Ancora una volta, la giustizia sportiva impone logiche di diritto e di potere. Il messaggio recapitato alla Juventus è di una grande compattezza del sistema che, non dovendo rispondere a un meccanismo giuridico rigoroso, può sfruttare l’evanescenza di un concetto come la “lealtà” per condannare anche in assenza di una norma che stabilisca i criteri per i quali una plusvalenza è fittizia e un’altra non lo è. E può giustificare l’assurdità di punire un solo club per una violazione che si commette in due. E può nascondere la coda di paglia di chi ha commesso le stesse identiche violazioni ma, agendo in città con Procure meno zelanti o con problemi più importanti, non è stato intercettato. Siamo sempre lì, alla fine, alla disparità di giudizio che avvelena e avvelenerà qualsiasi discussione, perché la giustizia per essere tale deve essere uguale per tutti. O quanto meno simile.

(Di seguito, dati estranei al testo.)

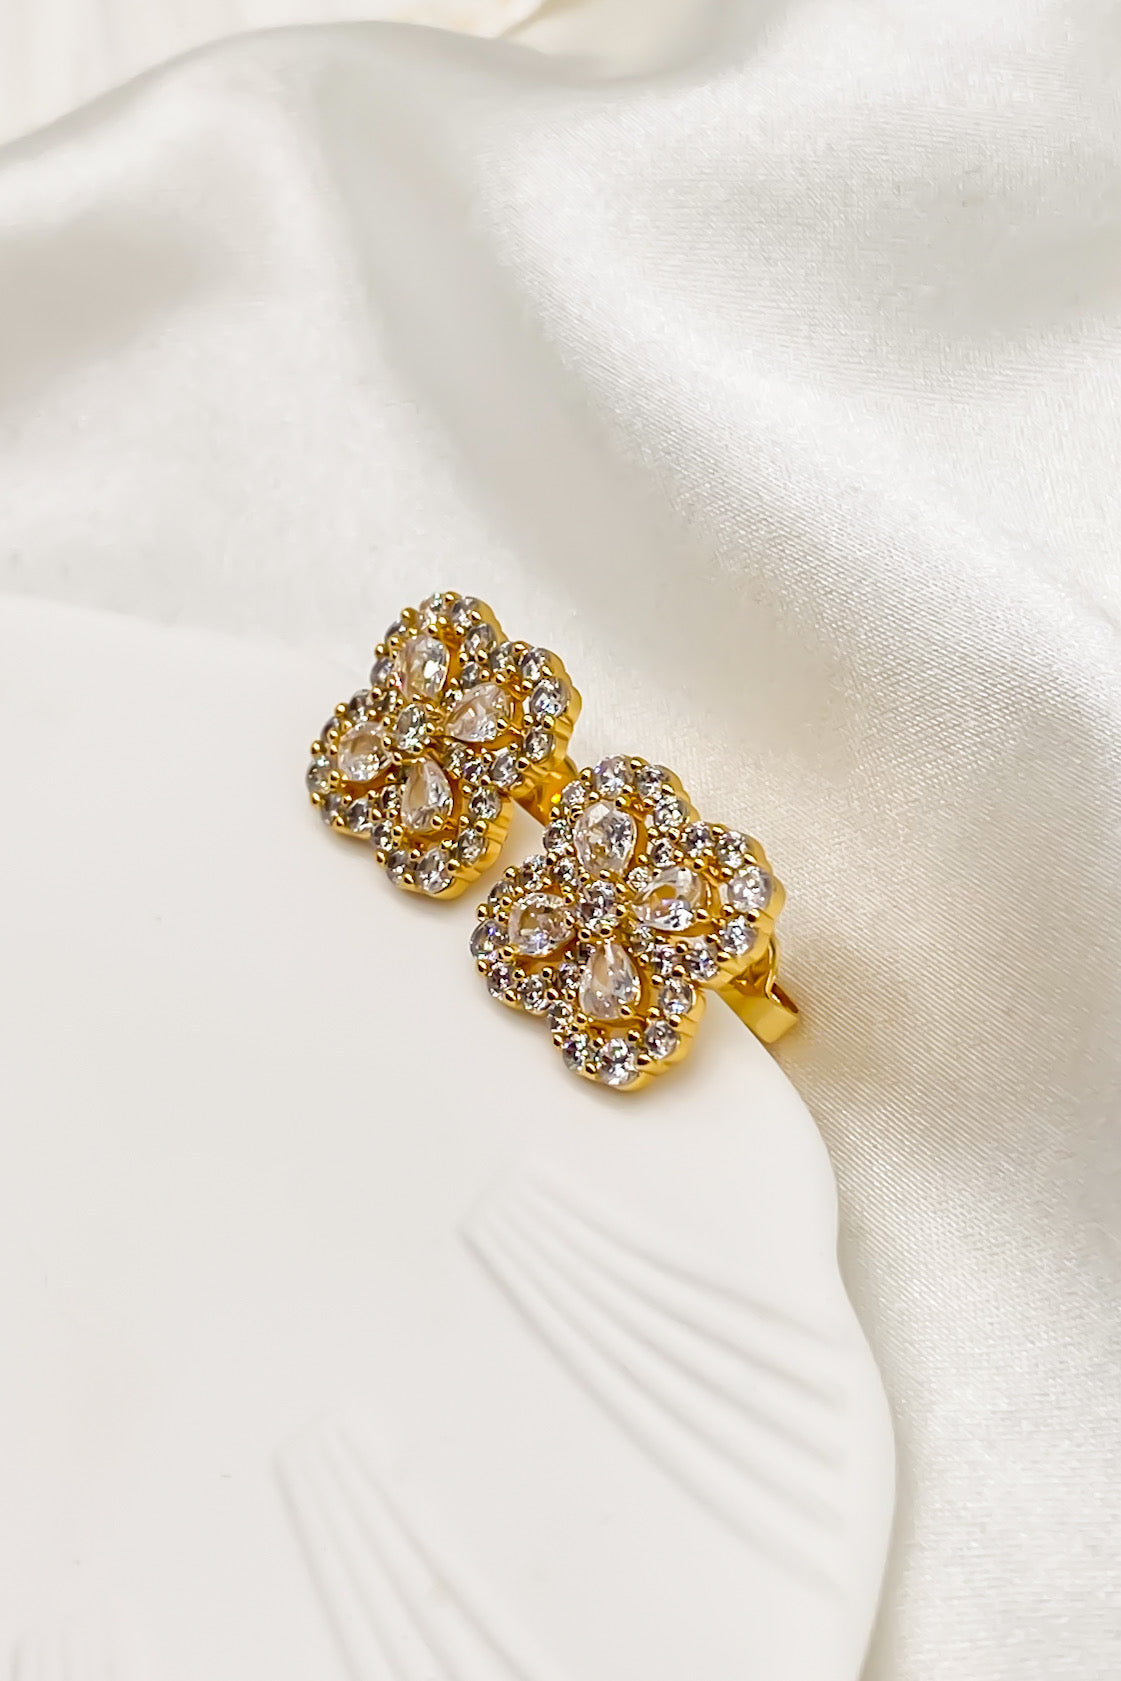 SKYE Shop Chic Modern Elegant Classy Women Jewelry French Parisian Minimalist Tilly Crystal Clover Earrings 9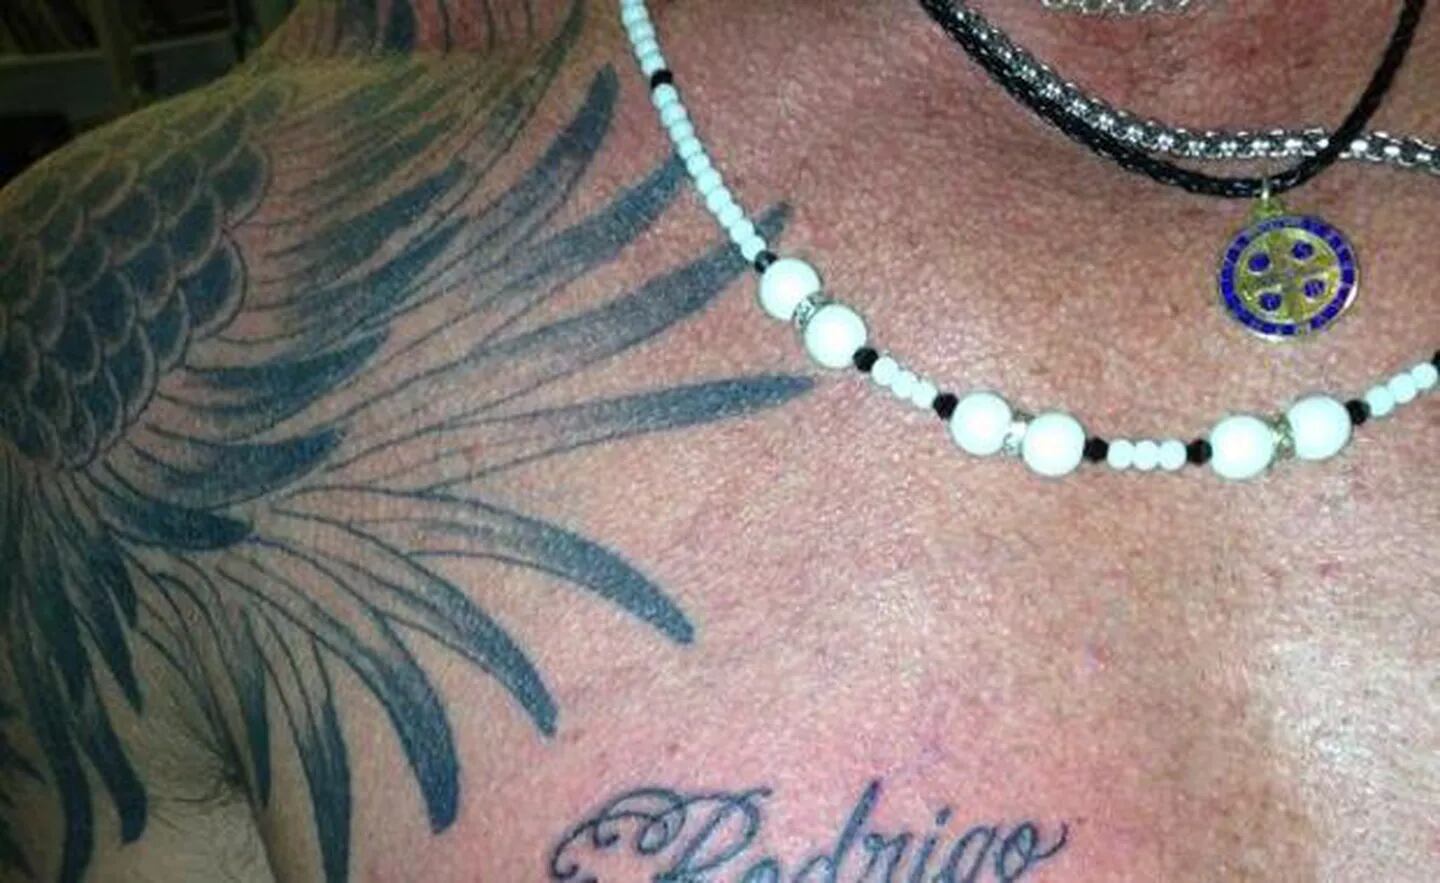 El jugado tatuaje de Ricardo Fort (Foto: Twitter).

Invece, il senso di tutto sta nella psichedelica defi nizione di «dosimetria sanzionatoria» con la quale, si ha la sensazione, si voglia nascondere il più prosaico concetto di salumeria giudiziaria con la quale verranno ristabiliti i punti di penalizzazione e con la quale si imbastirà l’eventuale trattativa per la manovra stipendi. Sono venuti 12 punti, Signora, lascio?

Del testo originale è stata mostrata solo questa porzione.